There is a good band of turbulence that we can't predict, but is typically not dangerous.
There is some like Zeiss Ikon mentioned that is usually OK and somewhat predictable (updrafts that condense at the top, thus being marked with a cloud).
Then there is some that is pretty light and predictable: your own wake. Fly a steep turn circle, and if you do it right, you'll hit a bump that is your own wake.
And, yes, mountains + wind does make turbulence. Just like water flowing over a rock in a river, you get a repeating wave downstream of the mountain/rock. It sweeps into a peak and then drops again, sweeps up into a peak, etc. Near the top of these, there can be rotors, sometimes even rotor clouds, and that is the worst turbulence I have experienced in a GA aircraft: we were in glass smooth updraft and then all of the sudden we rolled until the CFI thought we were going to go into an upset attitude.
Is your definition of turbulence the wings rolling a bit and the nose bumping up and down, or more of a "your stomach while on a roller coaster" type?
If it's the roller coaster feeling, you can make that feeling with how the aircraft is flown.
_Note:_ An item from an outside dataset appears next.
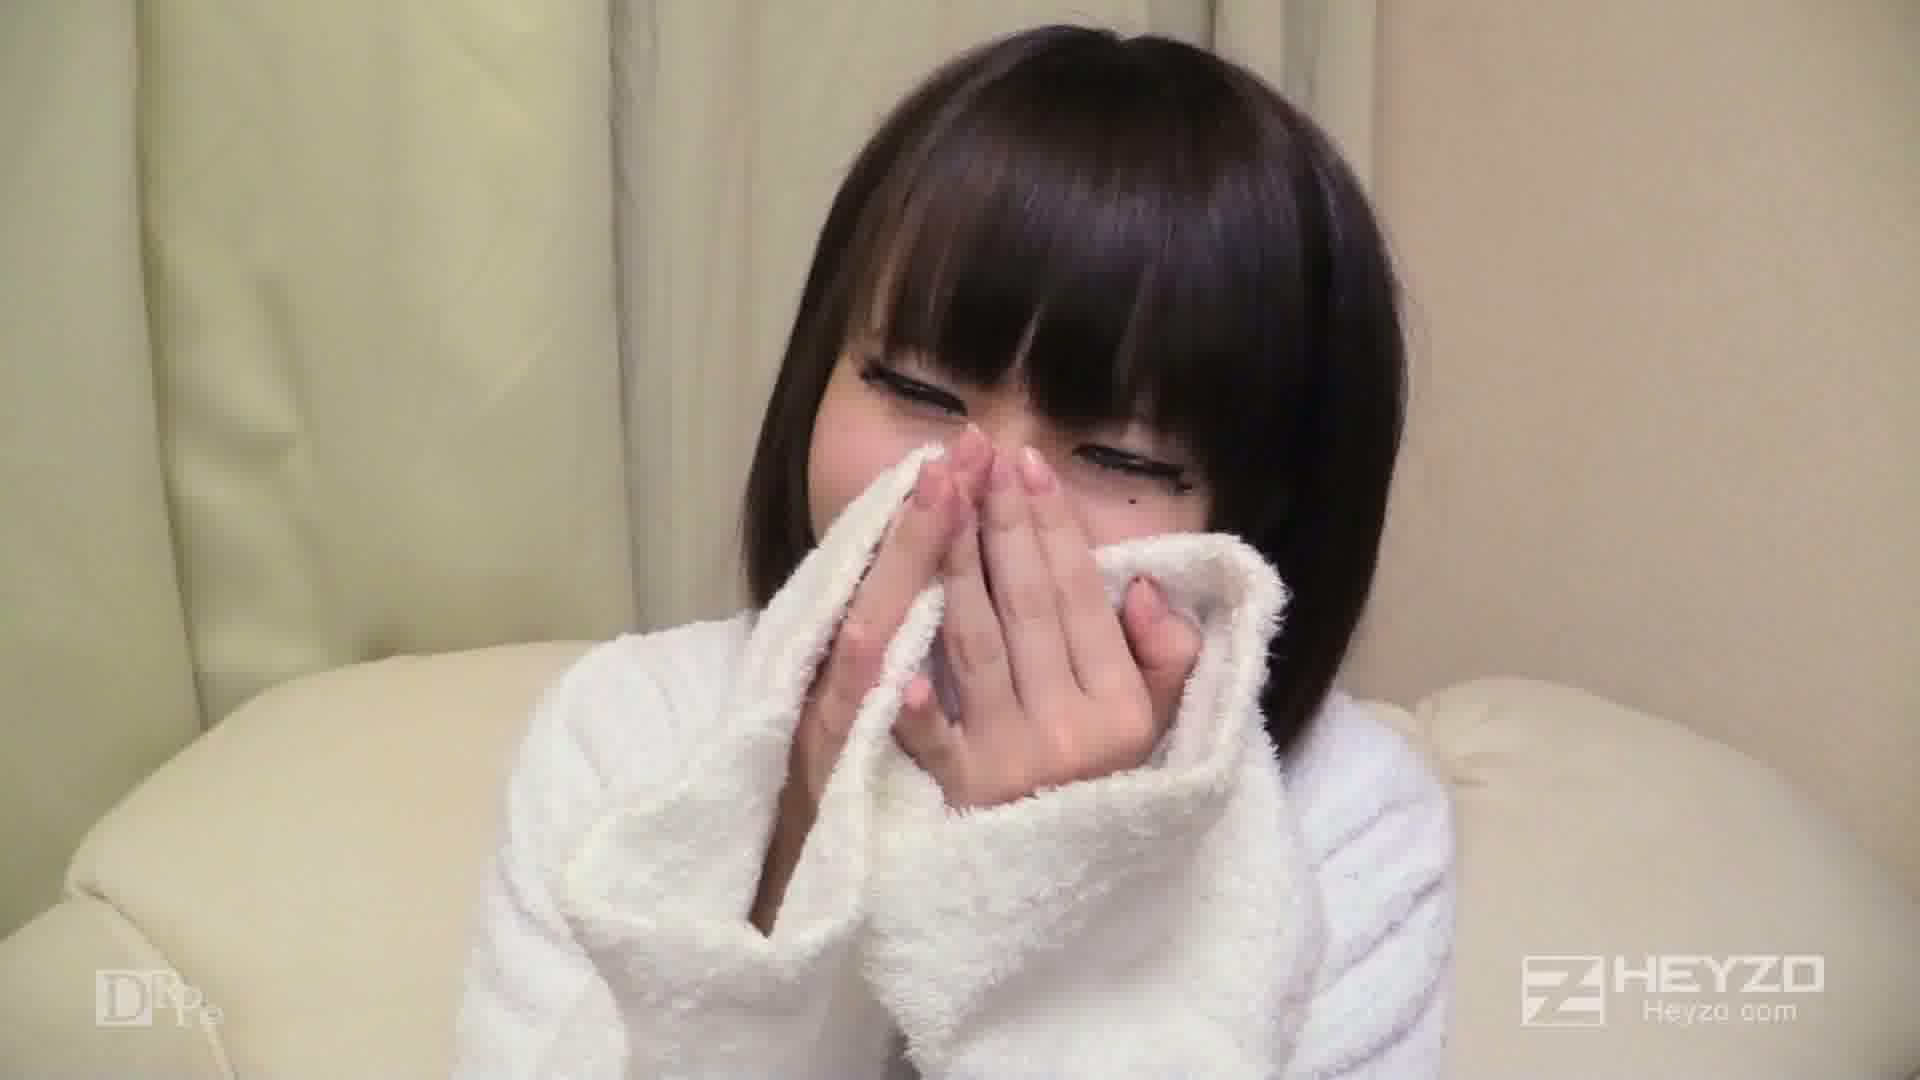 即撮影!AV面接3 前編 - 桜夜まよい【指マン オナニー ローター】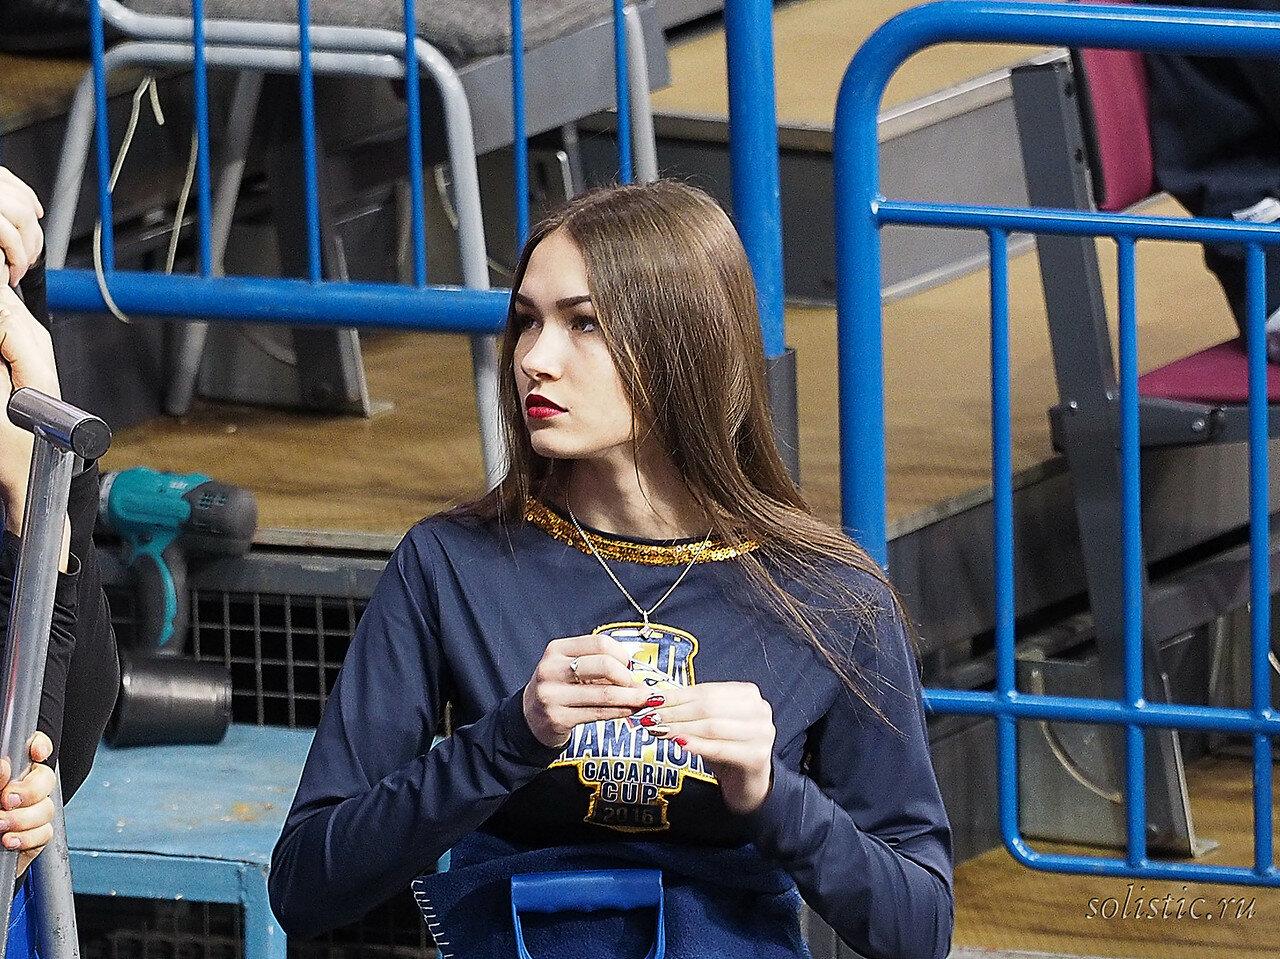 141 Металлург - Локомотив 05.01.2018

Go a ways up and fly something not quite parabolic arc for something like the swing feeling, or a perfect parabolic arc for a weightless feeling (yes, I can tell you the two a different, from skydiving experience).
If it's the random rolling/pitching, you could just pay for a flight lesson in a GA aircraft, and (at a good margin less than Va) ask the CFI to do their best to simulate (while staying safe) the worst turbulence they've ever experienced, with random inputs. If that's not good enough, do something similar with an aerobatic pilot in an aerobatic plane. If that's not good enough, see if you can somehow arrange a ride with a fighter pilot with a similar request. I highly suspect that somewhere along that progression, you'll find that "that's enough" point!